The jump off point to many natural, historical and cultural attractions in Central Vietnam, Da Nang has been a well-kept secret amongst visitors – until now.
Words: Joey Gan Photography: Chua Siew Ching
When the offer to visit Da Nang first came about, my initial reaction was joy swiftly followed by bewilderment. I knew almost nothing about this place except that it had once been the host city of a beauty pageant. I asked my friends about it and they gladly yapped away about Hanoi and Ho Chi Minh City instead. Da Nang? They had never heard of it and tried steering the conversation back to the other two cities.
From their experiences in Vietnam, I began to draw a picture of a gazillion motorbikes on the streets – a melee of honking bikes, chaotic traffic and pedestrians dashing across streets for dear life. This bedlam was ingrained in my mind and I braced for the impending chaos in Da Nang as well.
Discovering Da Nang
When I arrived in Da Nang city, there were hardly any vehicles whizzing by, let alone a gazillion motorbikes. There were a few around with the occasional honking, but on the whole, the riders were well-behaved and cruised at moderate speeds. This was nothing like I had imagined Da Nang to be.
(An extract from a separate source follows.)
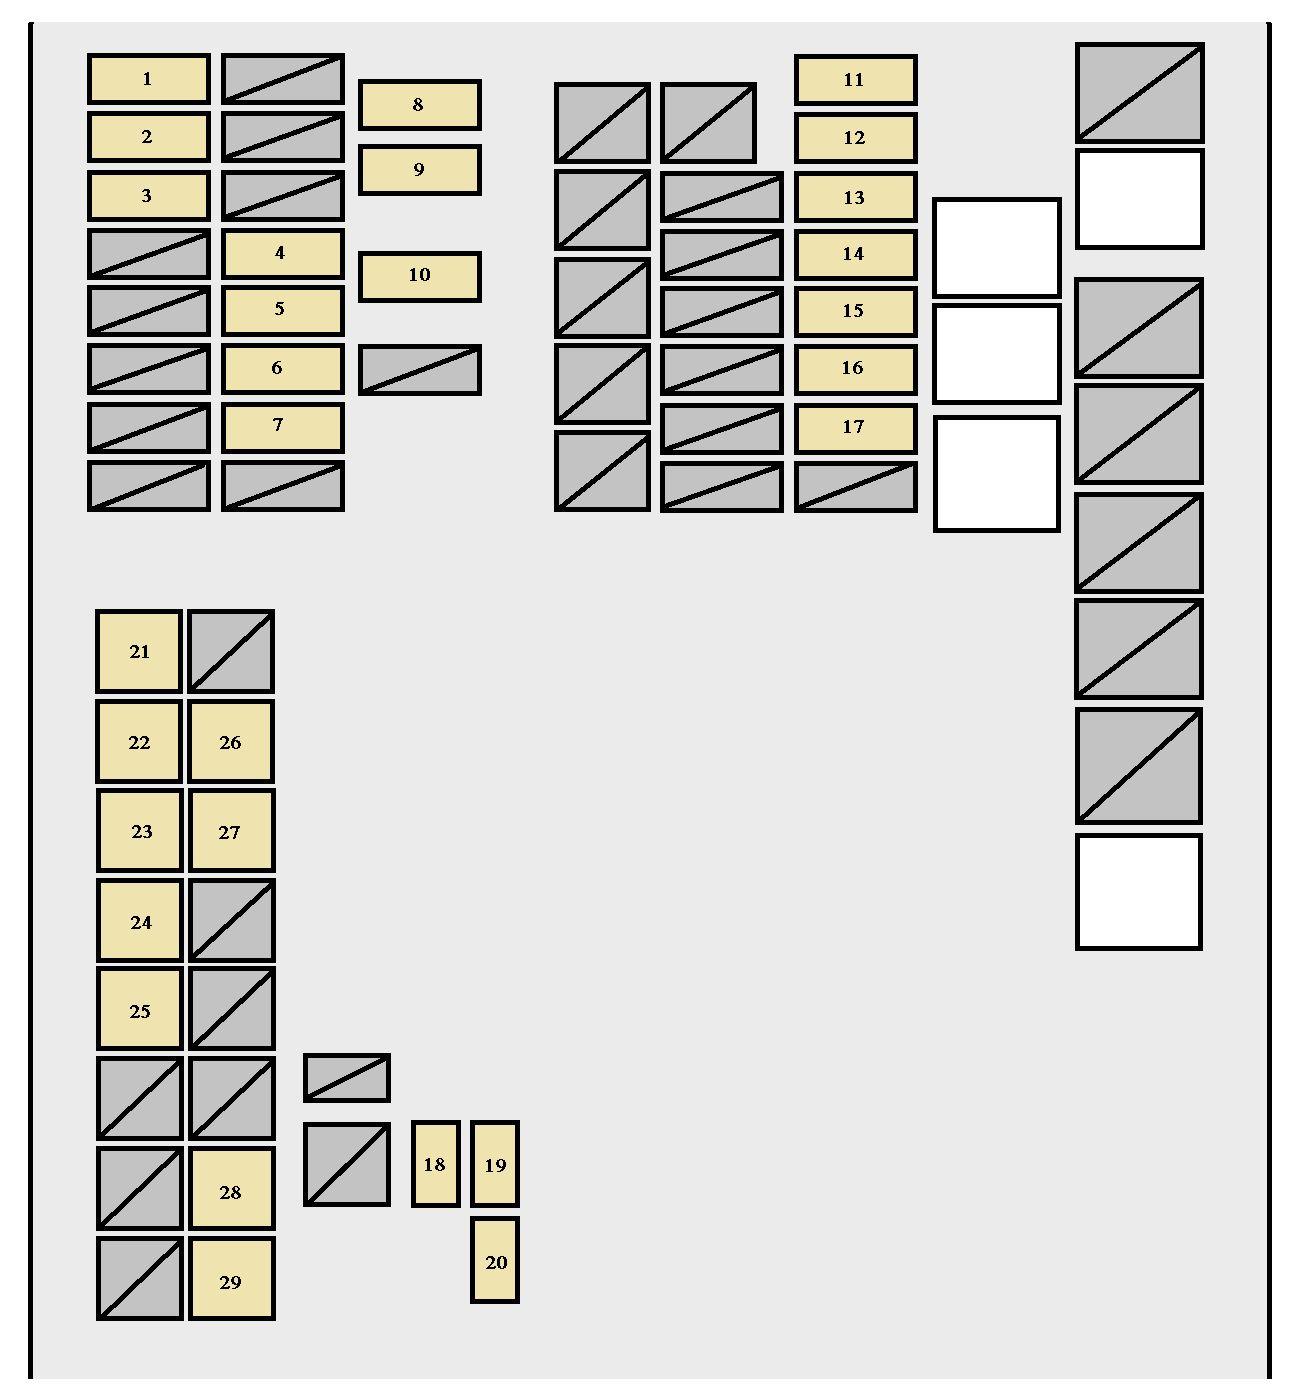 2007 ford mustang fuse box diagram

The largest city in Central Vietnam, Da Nang is well connected by air, sea and road. During the Vietnam War, Da Nang served as an airbase for both Vietnamese and US air forces. Scars from the past still remain but that hasn’t stopped Da Nang from becoming a commercial and education hub in Central Vietnam. It is also fast becoming a holiday destination.
Additionally, due to its strategic location, Da Nang connects visitors to the country’s three UNESCO Heritage Sites: My Son Sanctuary, Hoi An Ancient Town, and the Complex of Hue Monuments. Within Da Nang, the Marble Mountains, China Beach and Non Nuoc stone-carving village are popular attractions that link Da Nang’s past to its present.
My first stop in Da Nang was Marble Mountains, located in Ngu Hanh Son ward, south of Da Nang city. This cluster of marble and limestone hills has five peaks, each named after one of the five elements of the universe according to Oriental philosophy: Thuy Son (Water Peak), Moc Son (Metal Peak), Tho Son (Earth Peak), Moc Son (Wood Peak), and Hoa Son (Fire Peak).
I decided on Thuy Son, it being the main attraction near Non Nuoc village. The only way to the peak is via 156 stone steps, located in different parts of the hill that lead to a few pagodas, a cave temple and watchtowers.
The cave temple, Huyen Khong Cave, stood out as the most interesting attraction. My guide, who incidentally was also named Huyen, explained the caves chequered past that extends all the way to the Vietnam War. According to Huyen, the cave was used as a hospital to treat wounded soldiers. I looked down from the cave entrance and imagined all the injured bodies lying on the damp floor. I surveyed the chilly surrounding with a heavy heart, my eyes fixed on the damp wall surface, the only remaining witness of the painful past.
The cave is now a Buddhist temple. After paying my respects, I moved on to Vong Hai Dai Watchtower at the top of Thuy Son to take in the serene landscape, with the South China Sea in the distance. I rounded up my visit in Thuy Son with a stroll to Non Nouc village, a settlement at the foothill that thrives on stone carving, a profession that’s been practiced for the past 300 years. Here, sculptures as tall as a seven-foot Guan Yin (Goddess of Mercy) statue, or as small as a marble chess set are on sale.
*Admission to Thuy Son is USD1 or VND20,000.